В. Калякин. Был ли ледниковый период?
АЛЬТЕРНАТИВА ЛЕДНИКОВОЙ ГИПОТЕЗЕ
Попробуем ответить на вопросы и противоречия, порожденные ледниковой гипотезой. Представляется вполне приемлемым опираться на твердо установленные данные (не подвергаемые сомнению и приверженцами гляциалистических представлений) о периодических колебаниях уровня Мирового океана.
Геолого-геоморфологические аргументы
В многочисленных исследованиях ледников Антарктиды, Гренландии и в горах Евразии показано, что даже горно-долинные ледники не столько разрушают свое ложе, сколько его консервируют, предохраняя от эрозии и выветривания. В большинстве случаев нижние части ледников приморожены к ложу и не участвуют либо участвуют в наименьшей степени в пластических движениях остального льда. При более крутых наклонах долин и в появлением под ледником талых вод, действующих как смазка, энергия движения ледника возрастает и осуществляется путем обтекания неровностей рельефа, так как лед не способен срезать скальные породы, значительно уступая им по твердости. Именно поэтому в областях современных ледников сохраняется альпийский рельеф с заостренными вершинами гор. Способность же к транспортировке какого-либо материала на многие сотни километров покровными ледниками полностью относится к области ненаучной фантастики.
С движением ледников «гляциалисты» связывают отложения моренного материала. Академик АН УССР И.Г. Пидопличко в своей 4-томной монографии «О четвертичном периоде» (1956) приводил 32 фактора валунонакопления, включая и «разрушение горных пород, перенос и накопление валунов ледниками».
На стр. 195 он специально подчеркивал: «Так как в настоящее время нет ни одного ледника, который бы двигался при отсутствии уклона, то есть по горизонтальной поверхности, то уже поэтому трудно предполагать, чтобы в прошлом были такие ледники, которые не зависели от этой физической закономерности».
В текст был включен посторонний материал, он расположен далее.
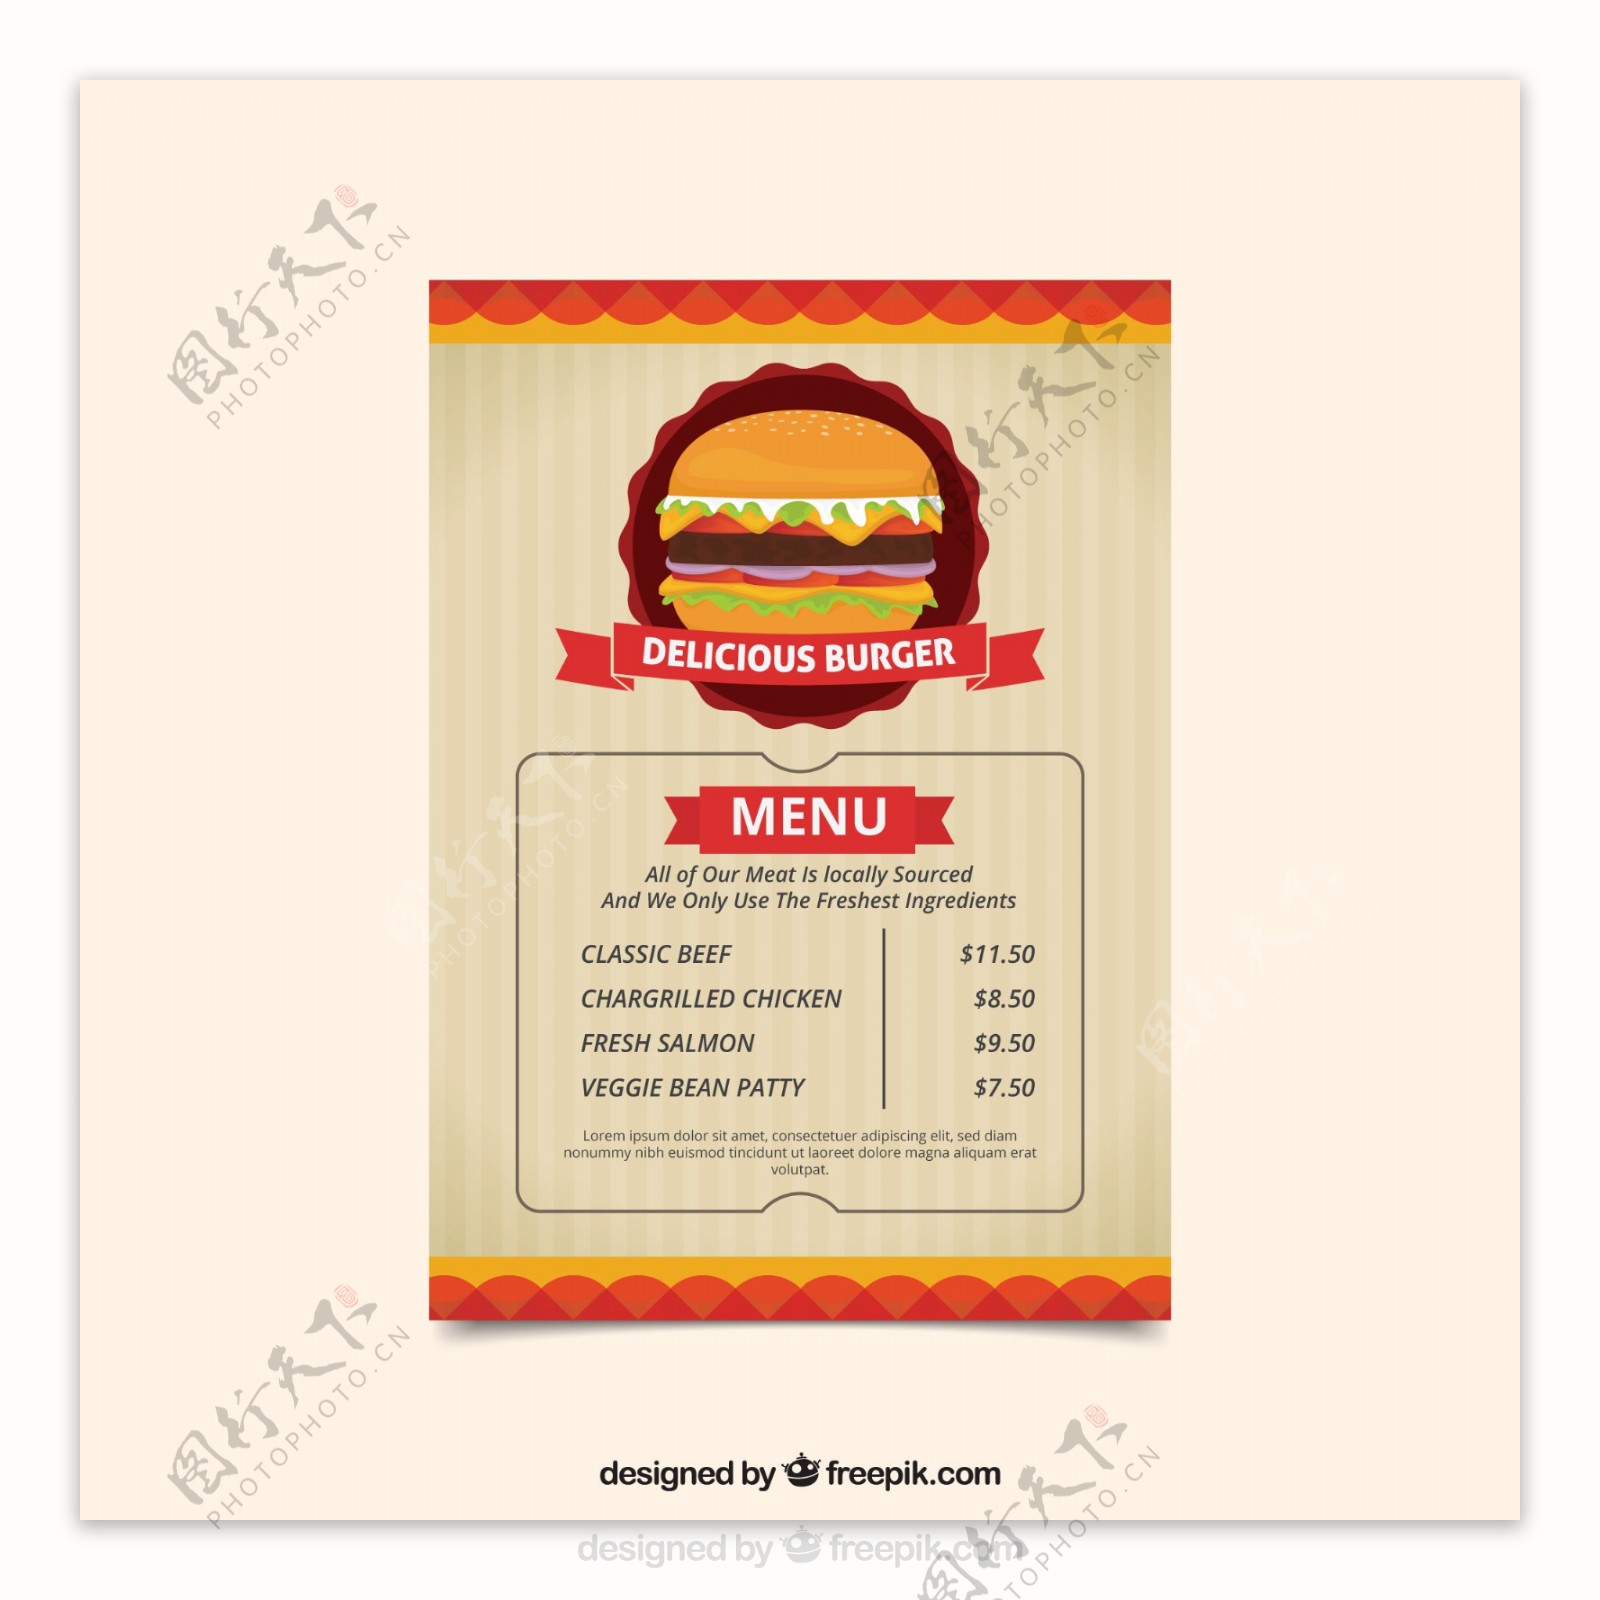 手绘复古风格汉堡插图菜单模板

Большинство же факторов преобразования рельефа так или иначе связано с деятельностью различных природных вод, а наиболее дальние переносы твердых осадков, включая валуны, осуществляются сезонными льдами (в том числе донным льдом и береговым припаем) рек и морей при активном участии течений и ветров. Эти же факторы, а также прибойно-штормовые явления окатывают и оставляют штриховку на валунном материале и формируют различные формы «ледникового» рельефа. По сравнению даже с наиболее активно скользящими горно-долинными ледниками, перечисленные факторы производят значительно большую по объему работу.
В результате многолетних работ В.Г. Чувардинского на восточной части Балтийского щита (Мурманская область) было показано, что образование форм якобы ледниковой формации имеет тектоническое происхождение (Чувардинский В.Г. О ледниковой теории. Происхождение образований ледниковой формации. Апатиты, КНЦ РАН, 302с., 1998).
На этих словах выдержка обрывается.